Problem description
Down to the last line, print the data that follows exactly, without its pictures.

The data
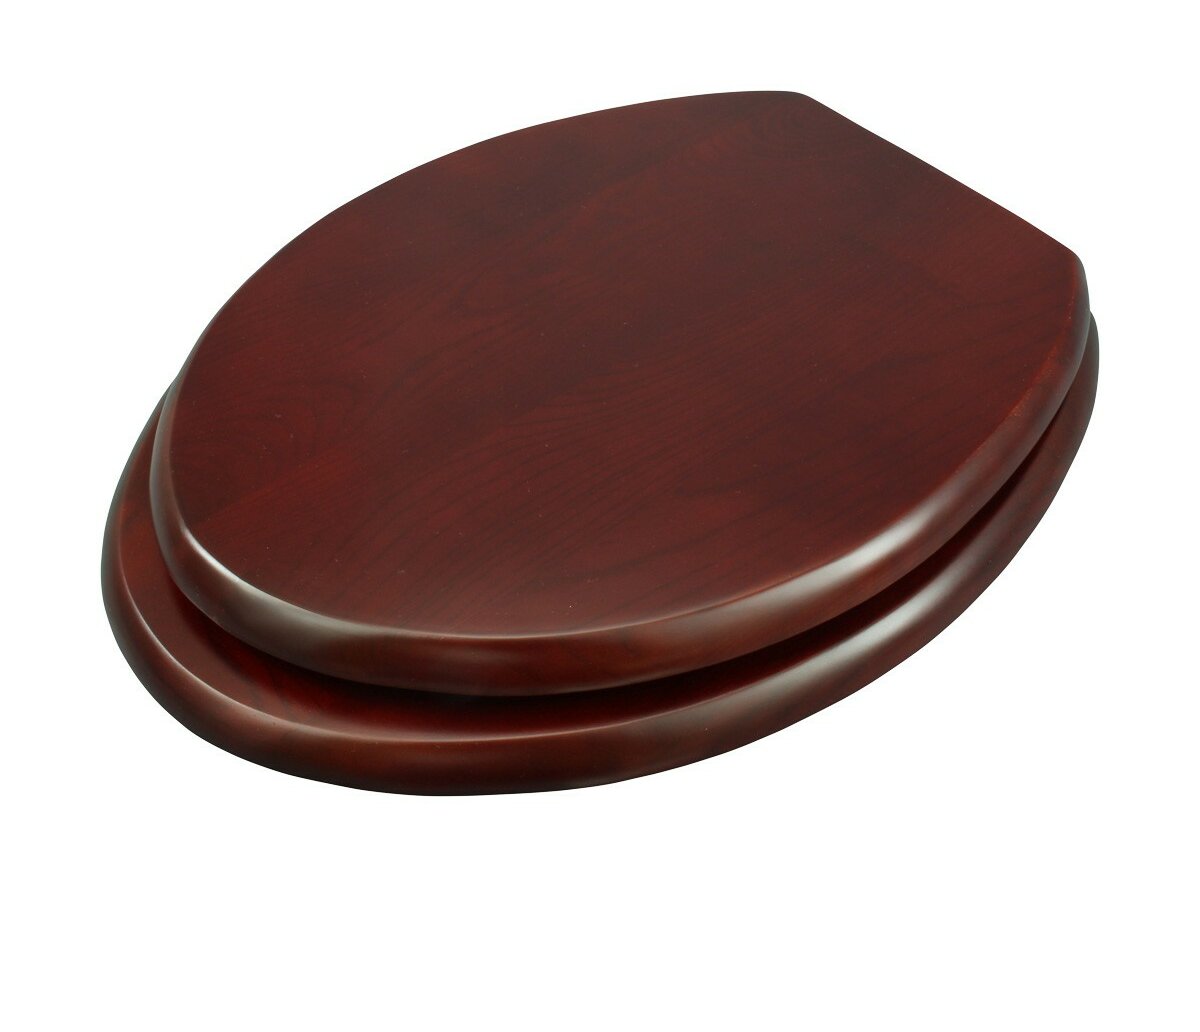 Details about   AIDA 19” Economy Elongated Wood Toilet Seat solid wood toilet seat US Stock 
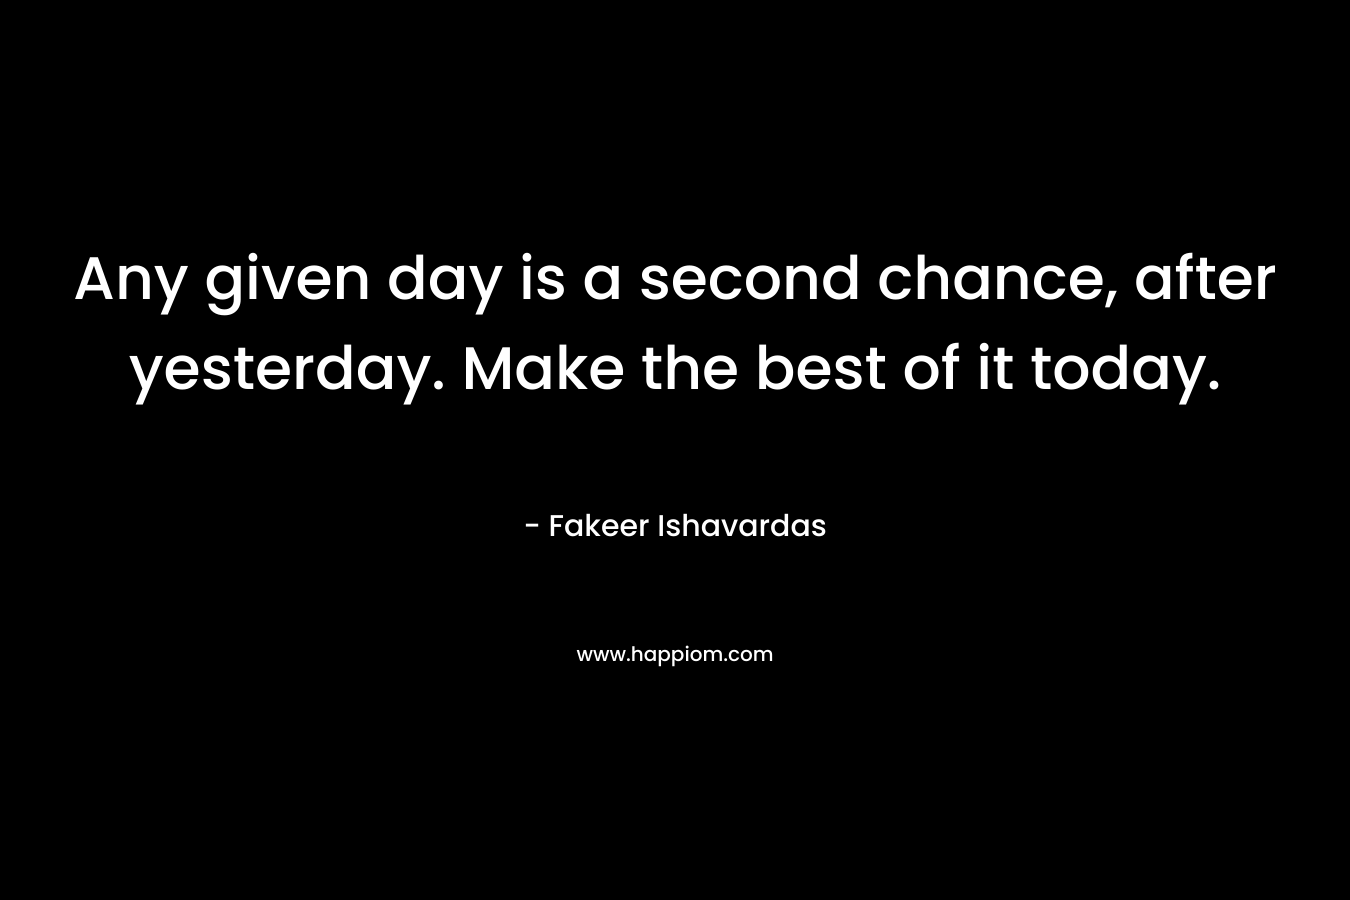 Any given day is a second chance, after yesterday. Make the best of it today.
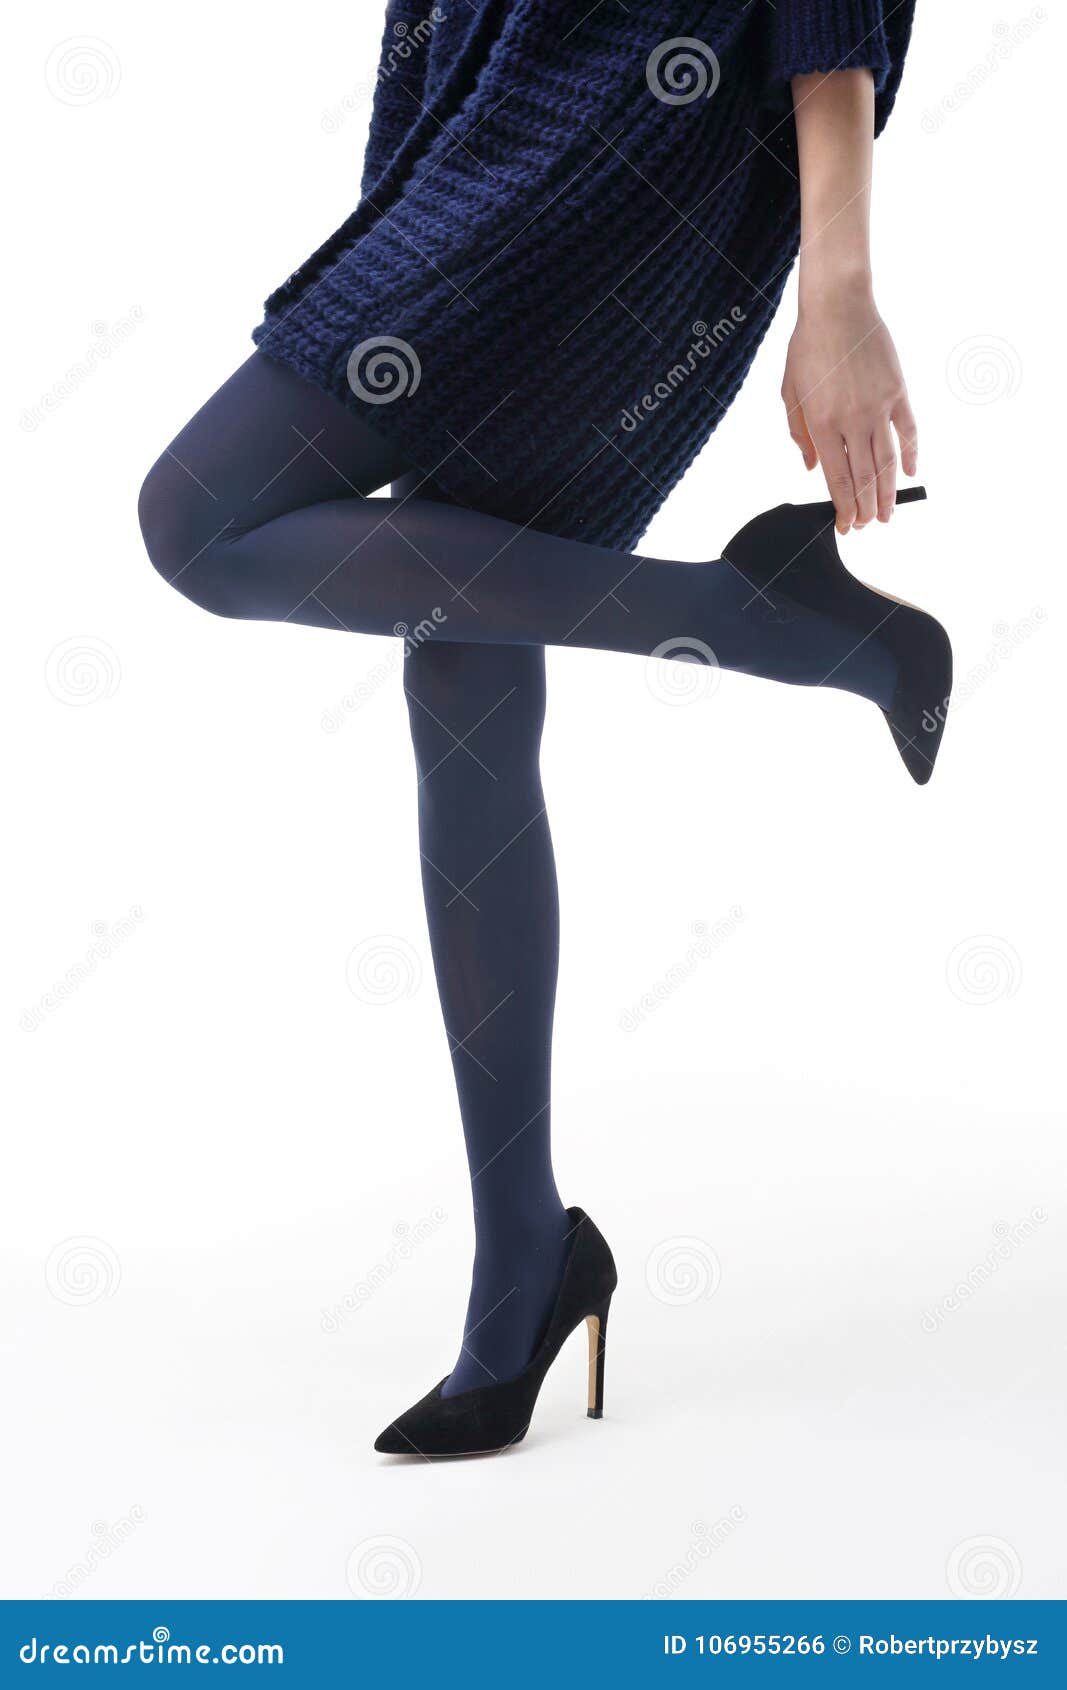 Winter Tights. Legs of a Woman in Pantyhose Stock Image - Image of  underwear, legs: 106955509

Task result
 Details about   AIDA 19” Economy Elongated Wood Toilet Seat solid wood toilet seat US Stock 
 Any given day is a second chance, after yesterday. Make the best of it today.
 Winter Tights. Legs of a Woman in Pantyhose Stock Image - Image of  underwear, legs: 106955509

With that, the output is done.